We started the day with a drive to a small cultivated area on the edge of the stone desert to the south of the hotel. Turtle Dove, Nightingale, Serin, Mistle Thrush, Woodchat Shrike, Thekla Lark and House Bunting were all seen well. altBlack-bellied Sandgrouse were heard but not located. We returned to the stone desert and picked up much the same birds as yesterday, also seen were Eurasian Kestrel, Tawny Pipit and 11 Black-bellied Sandgrouse which flew up from the track side and landed briefly close by but then moved further away and out of sight over a distant ridge. Many Fat Sand Rats Psammomys obesus were seen as they scampered between their tunnels.
The group then made the decision that they preferred the idea of a cultural afternoon in Ouarzazate so we drove pretty much straight there with just a brief stop at the lake to the east of the town. Here the only interest was several Great crested Grebes.

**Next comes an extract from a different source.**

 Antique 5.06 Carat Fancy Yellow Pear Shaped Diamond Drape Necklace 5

Tarik then took us to the old Kasbah where the group went for a visit. Later Mary Louise and Carlyn along with Tarik went to the Movie studios just outside the town. The rest of us went birding along the wadi near the hotel. We added Little Ringed Plover Charadrius dubius, Little and Cattle Egret, Western Olivaceous and Bonelli’s Warblers, White Stork, European Bee-eater and Woodchat Shrike.

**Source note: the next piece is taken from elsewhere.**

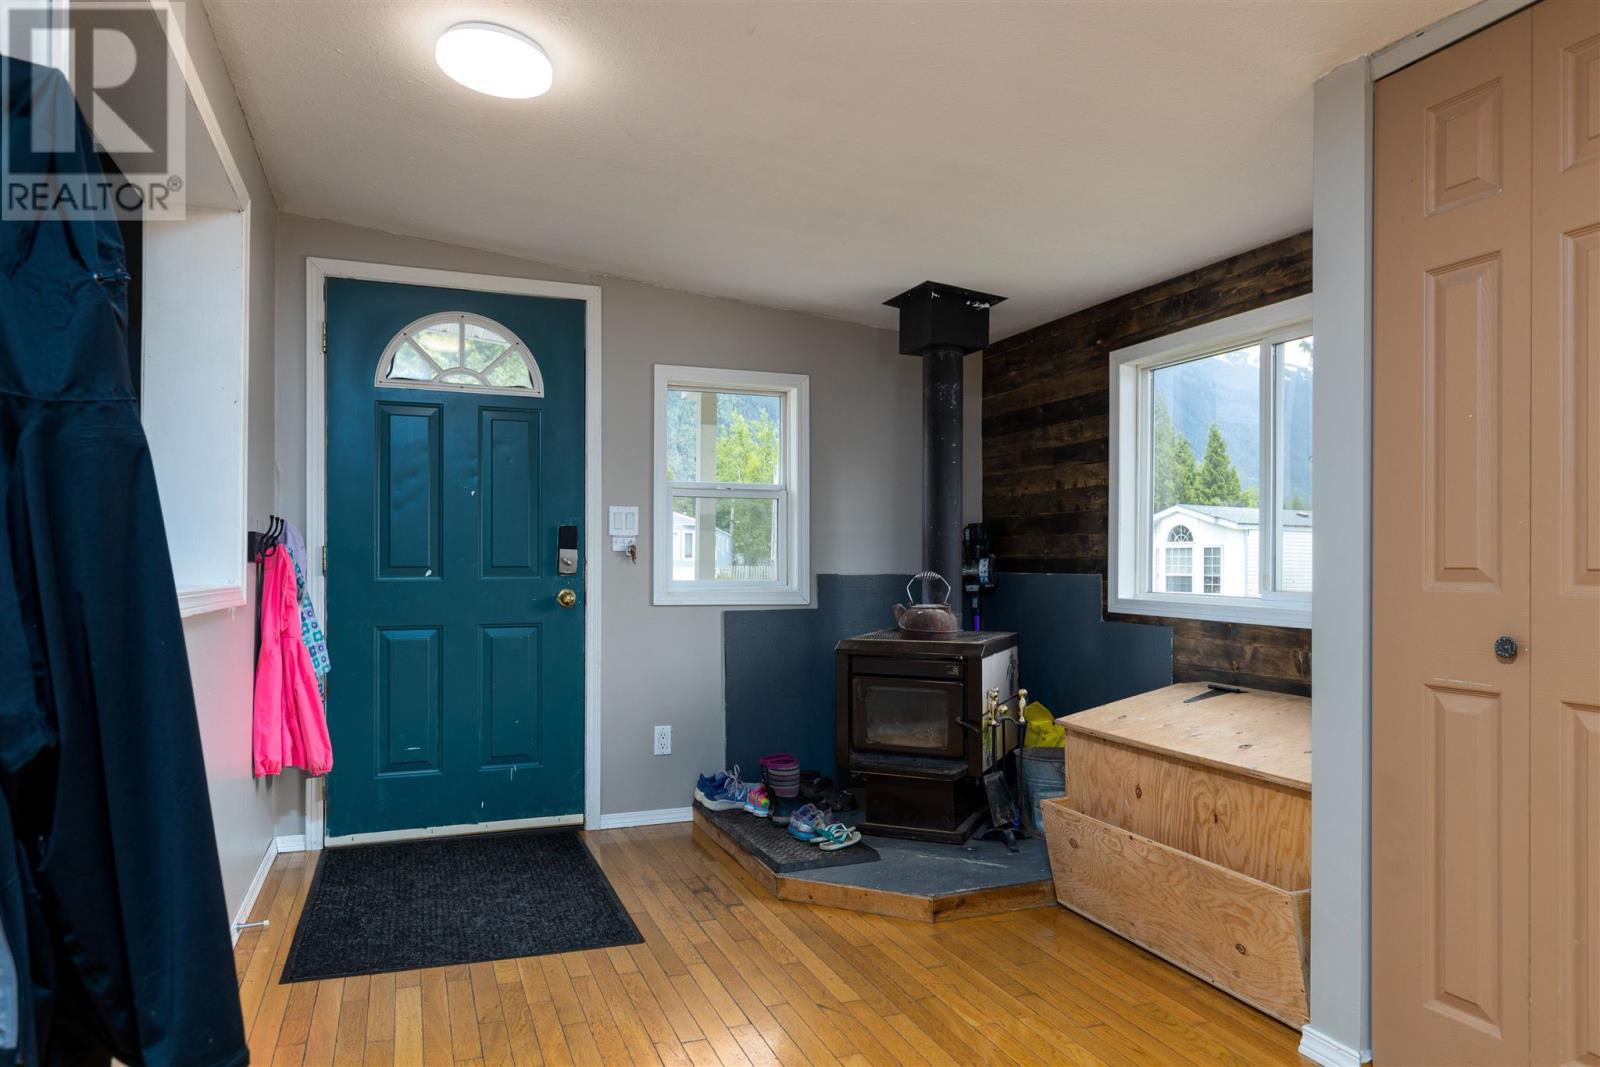 52 3616 Larch Avenue, Terrace, British Columbia  V8G 5B9 - Photo 2 - R2594554

Day 11 - April 18th - Ouarzazate to Marrakech.
Today we made an early start as we had the winding drive back up and over the Atlas Mountains. Just north of Ouarzazate we made a detour and stopped by a wadi amongst some agricultural small holdings. Several Collared Pratincoles were feeding gracefully along the river with Sand, Crag and House Martins, Barn Swallow and Common Swift. Corn Bunting was also added to the list as it sang from a nearby bush. Further along the road we made a second riverside stop were Little Ringed Plover (Breeding), Common Sandpiper, European Bee-eater and White wagtail were present. Our last stop before the mountains was a brief walk into the stone desert seeing the final White-crowned and Northern Wheatears, Desert and Short-toed Larks. We then started the climb back up to our lunch stop, on the way Barbary Ground Squirrel Atlantoxerus getulus, Long-legged Buzzard, Rock Pigeon, Hoopoe and Common Raven all put in an appearance.

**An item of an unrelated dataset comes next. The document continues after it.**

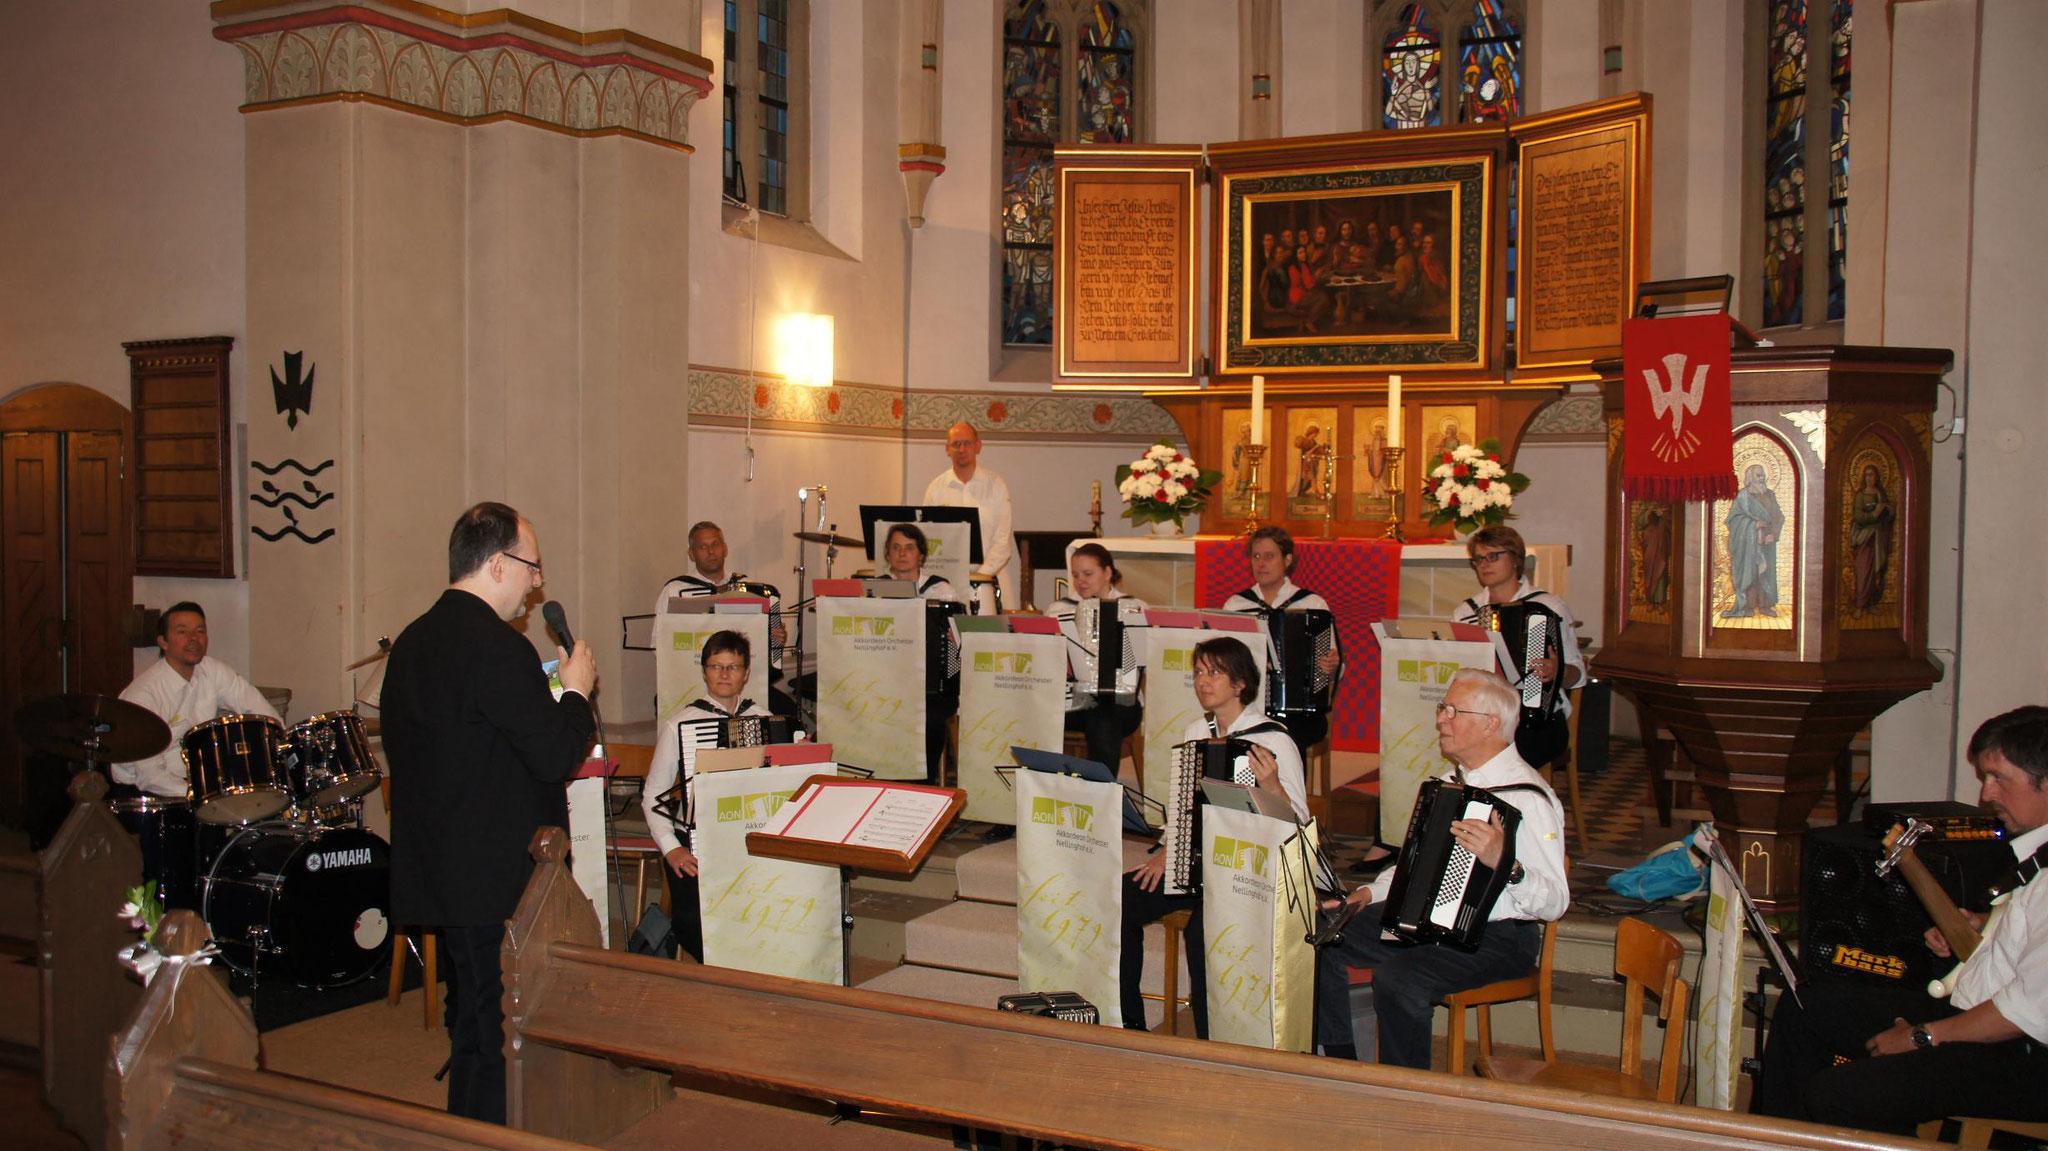 Begrüßung zum Konzert in der Apostel-Kirche Neuenkirchen zum 125 jährigen Jubiläum

altAfter lunch we stopped at three sites on the way back down the Mountains, the first a road side lay-by produced African Blue Tit and Great Tit Parus major, Woodpigeon, Subalpine Warbler and Nightingale. The second stop was at an old concrete building with steps up onto the roof; Winter Wren Troglodytes troglodytes and European Robin Erithacus rubecula were both added to the trip list. A little further along the road we stopped for tea at the same site as we had seen the Levaillant’s Green Woodpecker on the way up, but without any luck this time. Our last stop of the day was at a co-operative shop which sold beauty products made from Argon nut extract. The rest of the journey was quiet and we got back to Marrakech in good time, a long but interesting journey.
We unfortunately had to say goodbye to some of our group at this point as they were not continuing the trip with us.